The table above summarizes how to operate the ordered interval. The occurrence frequency of the interval _ range may be surprising. When searching, this frequency increases because of the importance of equivalence detection. For
Lower_bound and upper_bound, which are easy to retreat in the equal detection, but it is natural to detect only the equivalence for the interval _range. In the second ordered Area
Between them, mongo_range beat find for another reason: mongo_range takes logarithm time, while find takes linear time.

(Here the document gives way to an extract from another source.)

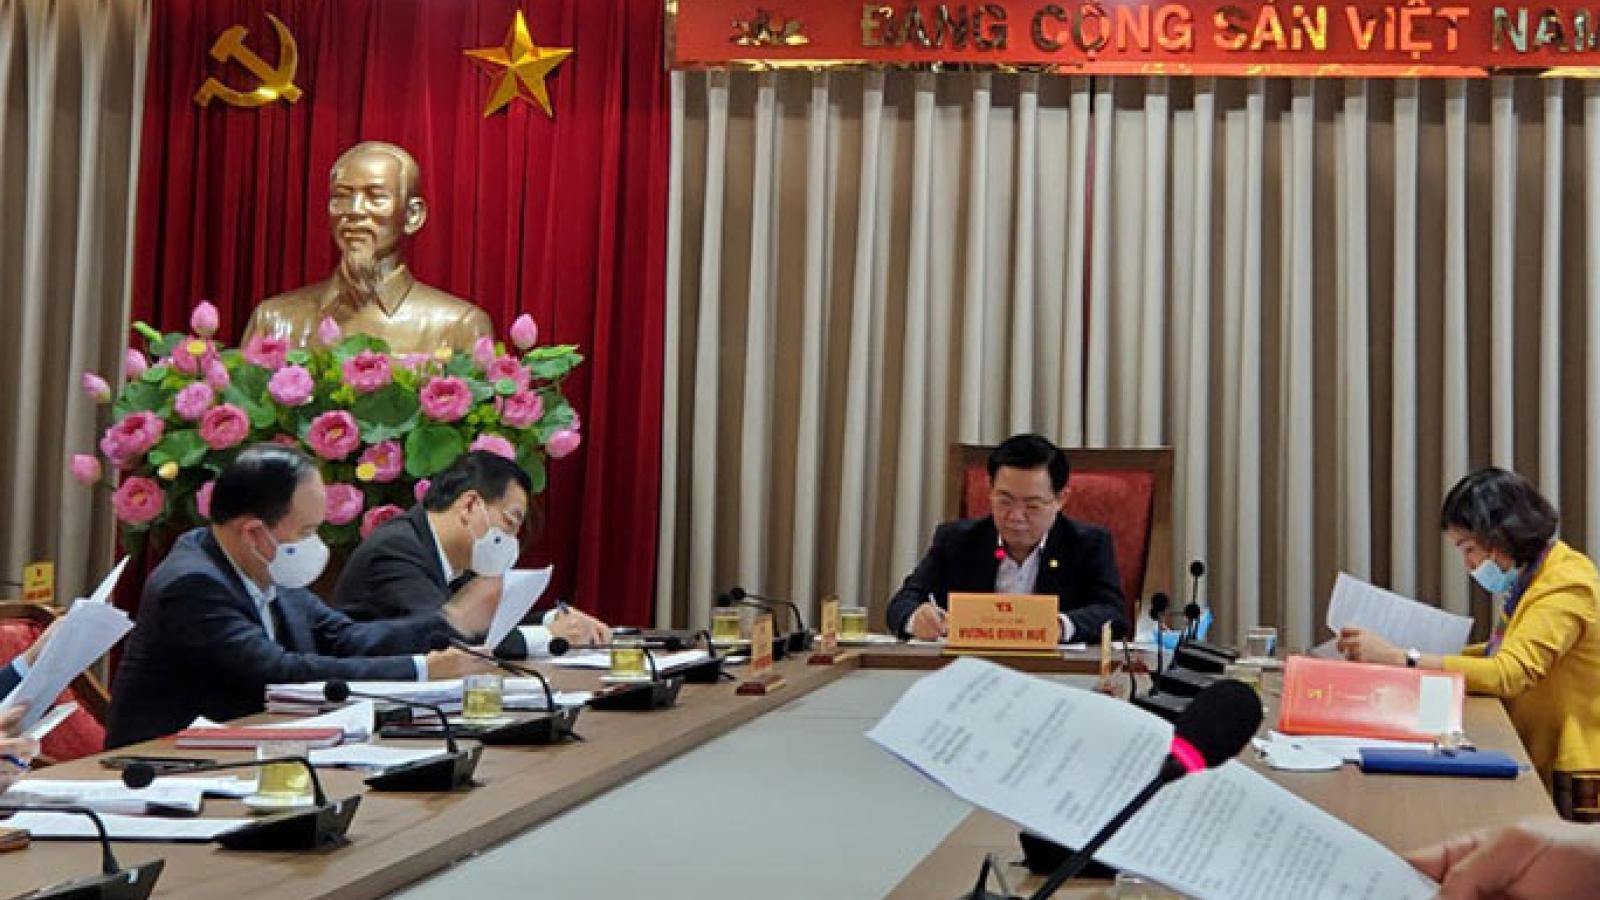 Bí thư Hà Nội: Ưu tiên ngân sách mua vaccinengừa Covid-19 cho toàn bộ người dân Thủ đô

For Multiset and multimap, when you are searching for the row of the first object that is equal to a specific value, this table lists the find and lower_bound algorithms
Candidate.
Find is a common choice for this task, and you may have noticed that in the set and map columns, this is only find. However, for multi containers, if not only one value is saved
In this case, find does not guarantee that the first element in the container that equals the given value can be identified; it only recognizes one of these elements. If you really need to find the first element equal to the given value, you should use
Lower_bound, and you must manually perform the equivalence check on the second part,Clause 19Content to help you confirm that you have found the value you are looking. (You can use interval _range to avoid manual equivalence detection, but it takes much more to call interval _range than to call lower_bound .)

The options in count, find, binary_search, lower_bound, upper_bound, and interval _range are simple.
Single. When you call it, selecting an algorithm or a member function can give you the behavior and performance you need, and it is the least effort. Follow this advice (or refer to the table) and you will not be confused.

Contact Us

The content source of this page is from Internet, which doesn't represent Alibaba Cloud's opinion; products and services mentioned on that page don't have any relationship with Alibaba Cloud. If the content of the page makes you feel confusing, please write us an email, we will handle the problem within 5 days after receiving your email.

If you find any instances of plagiarism from the community, please send an email to: info-contact@alibabacloud.com and provide relevant evidence. A staff member will contact you within 5 working days.

A Free Trial That Lets You Build Big!

Start building with 50+ products and up to 12 months usage for Elastic Compute Service

  • Sales Support

    1 on 1 presale consultation

  • After-Sales Support

    24/7 Technical Support 6 Free Tickets per Quarter Faster Response

  • Alibaba Cloud offers highly flexible support services tailored to meet your exact needs.